Ruslara karşı Başkurdistan’ın bağımsızlık savaşında önemli görevler üstlenen Abdülkadir Bey, bir ara Başkurt Eğitim Bakanlığı Bilim Kurulu üyesiydi. Başkurt kadınlarının beşik ninnileri, Ruslarla mücadele konulu destan parçaları vb folklor malzemelerini toplarken, Zeki Velidî Togan’ın tavsiyesiyle çalışmalarını bütün Türk boyları folkloruna genişletti. Türk destanları (başta Kırgızların Manas Destanı) ve Şamanlık üstüne araştırmalar yayınladı. Petrograd (Leningrad) kitaplıklarında çalıştı, pek çok kitabı Başkurdistan’a getirdi. Bağımsızlık savaşı sonu Türkistan komitesinin yardımı ile Zeki Velidî Togan ile birlikte Asya Türk bölgelerini dolaşan Abdülkadir Bey, İran ve Afganistan’a, Hindistan ve Avrupa’ya geçti (1924). Paris ve Berlin’deki bilimsel çalışmalarına, Türkiye’de gelip asistan olarak girdiği Türkiyat Enstitüsünde devam etti. Abdülkadir İnan, Zeki Velidî Togan ile Yeni Türkistan dergisini (1927) çıkardı, Halk Bilgisi Haberleri (1928) dergisinin yayınına katıldı. Türkiye Halk Bilgisi Derneği bilim komisyonu üyesi iken Erzurum ve Hasankale’de folklor araştırmaları yaptı. Birinci ilmî seyahate ait rapor (1930) bu dönemin ürünüdür. “Yeni Türk” dergisinde, “Azerbaycan Yurtbilgisi” ve zamanının bütün Türkçü / Milliyetçi dergilerinde pek çok değerli araştırmaları yayınlandı.

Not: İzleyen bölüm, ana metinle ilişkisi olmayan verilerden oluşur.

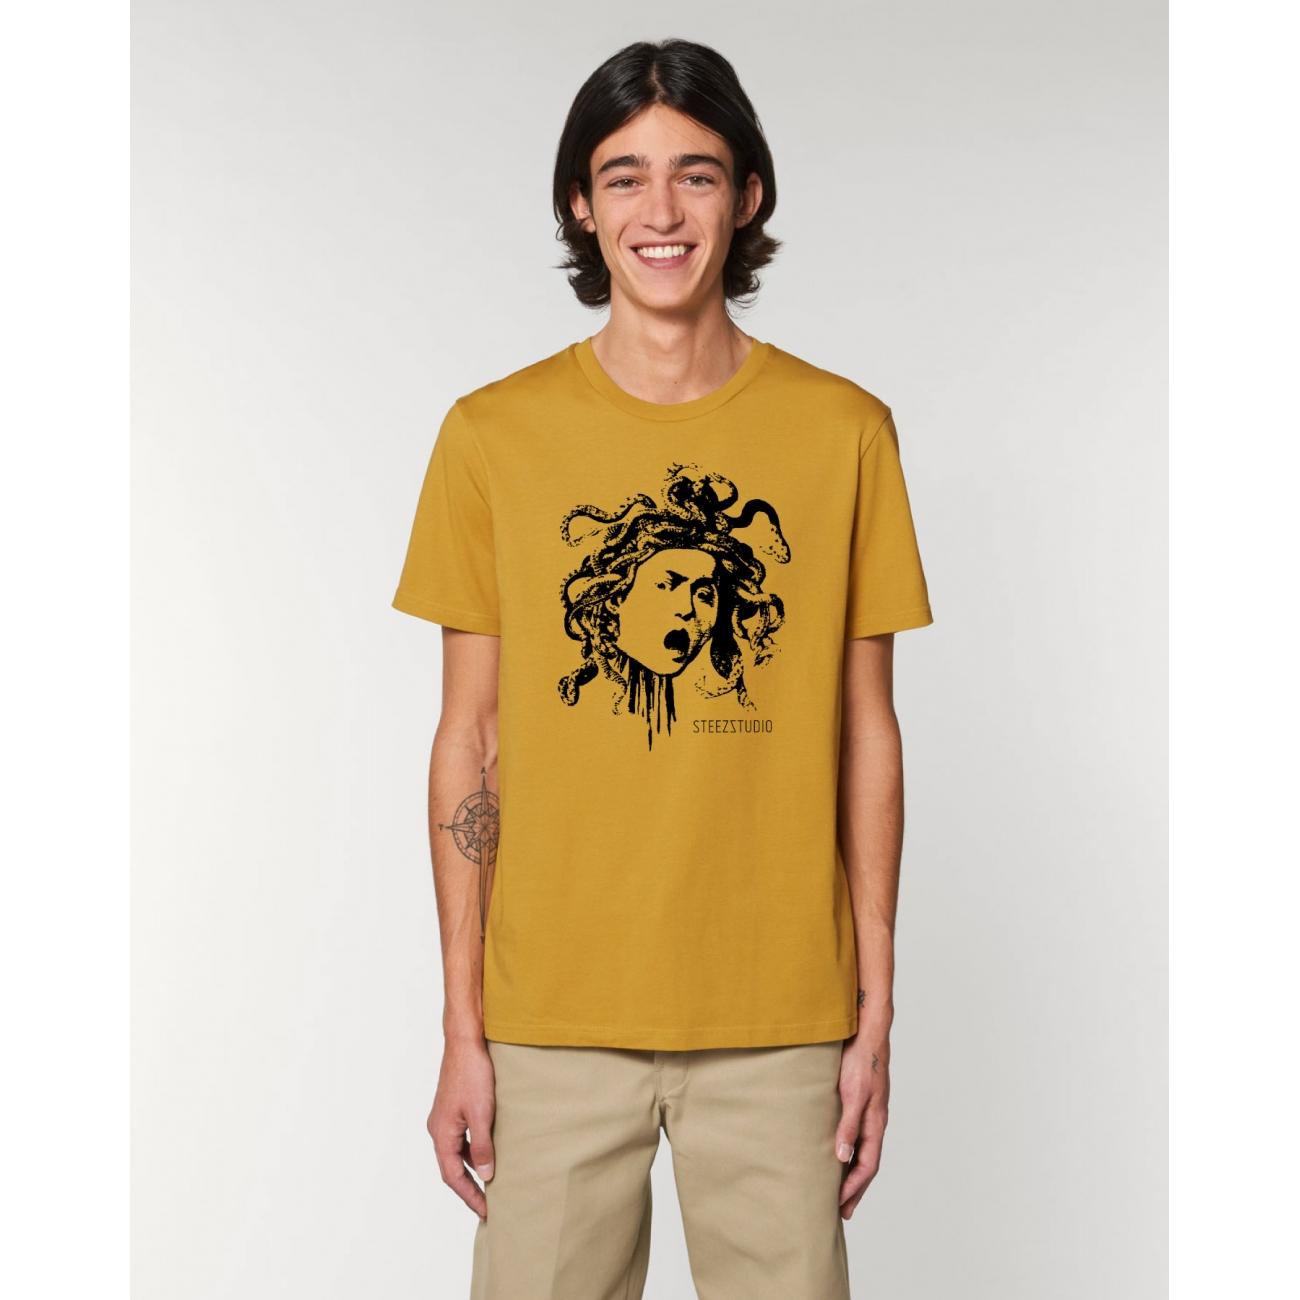 https://tee-shirt-bio.com/10326-thickbox_default/tee-shirt-homme-coton-bio-col-rond-coupe-classique-jaune-ocre-impression-meduse-caravage.jpg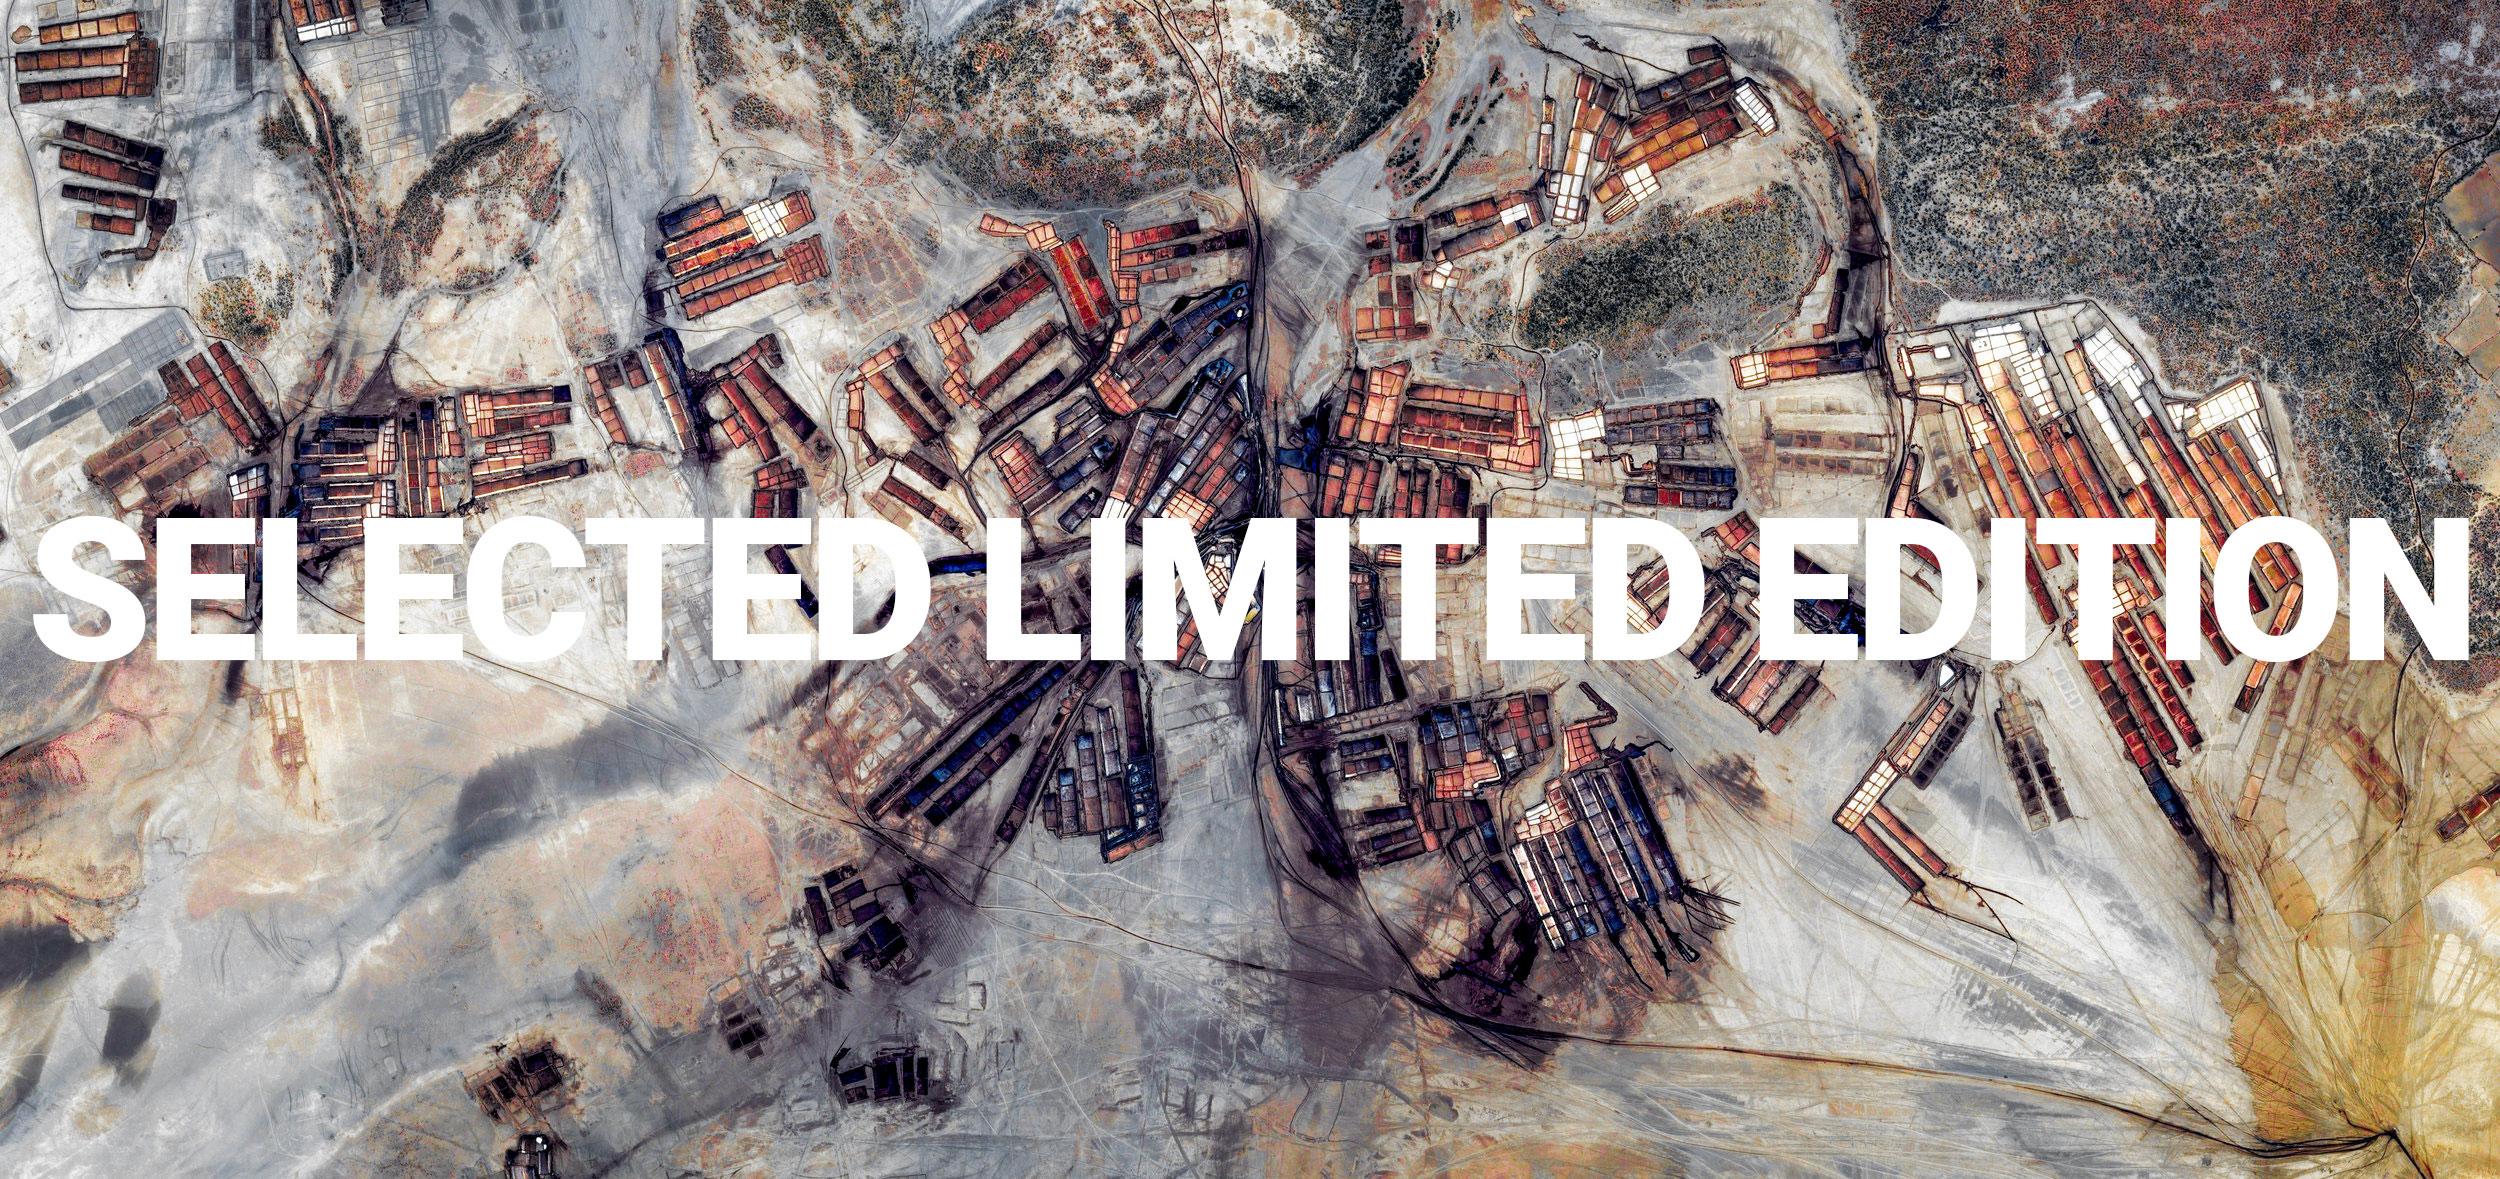 SELECTED-Antarnes-II-ULTRADISTANCIA-©Federico-Winer.jpg

Abdülkadir İnan’ın çok verimli bir kalemi vardı. Şimdiki Türk Dil Kurumunun ilk şekli olan, hemen hepsi de Atatürk’ün istekleri doğrultusunda kurulan Türk Dili Tetkik Cemiyeti, Türk Tarihi Tetkik Cemiyetinde görevler aldı. Türk Dili Tetkik Cemiyetinin ilk umumî kâtipliğini (en önemli görevdir) üstlendi. Ruşen Eşref ve Maarif Vekili Reşit Galip’in daveti üzerine Ankara’ya gitti. Cemiyette ihtisas kâtibi olarak görev aldı. İlmî komisyon ve kılavuz kolu çalışmaları üyesiyken pek çok defa Atatürk ile görüştü. Ankara Dil ve Tarih-Coğrafya Fakültesi kurulurken (1935), Atatürk Abdülkadir İnan’dan fakültede Doğu Türk lehçelerini incelemesini ve bu konuda ders vermesini istedi. İnan, Dil ve Tarih-Coğrafya Fakültesinde 1944’e kadar profesörlük yaptı. Türk lehçelerinin özellikleri ve tasnifi Türkolojinin tarihçesi, Orhon ve Yenisey yazıtları, Kırgızcanın ve Manas Destanı gibi konularda dersler verdi. Dersleri “Türkoloji Ders Hülâsaları” adlı kitabında toplayarak yayınladı (1936). Güneş Dil Teorisi üzerinde de çalışan İnan’ın, Türkçülük – Turancılık Davası adlı rezil tutuklamalarda adı geçtiği için 1944’te üniversitedeki unvan ve kadrosu Millî Şef (?) İnönü tarafından kaldırıldı. Tercüman ve okutman olarak 1955’e kadar görevde kaldı. Bu arada Türk Dil Kurumunda başuzman olarak da çalışıyordu. Şaman inançlarının genel özelliklerini belge olarak ortaya koydu. Diyanet İşleri Başkanlığı Danışma Kurulunda çalıştı. 1964’ten sonra Türk Kültürünü Araştırma Enstitüsünde uzman olarak görev aldı. 1 Ekim 1976’da vefat etti.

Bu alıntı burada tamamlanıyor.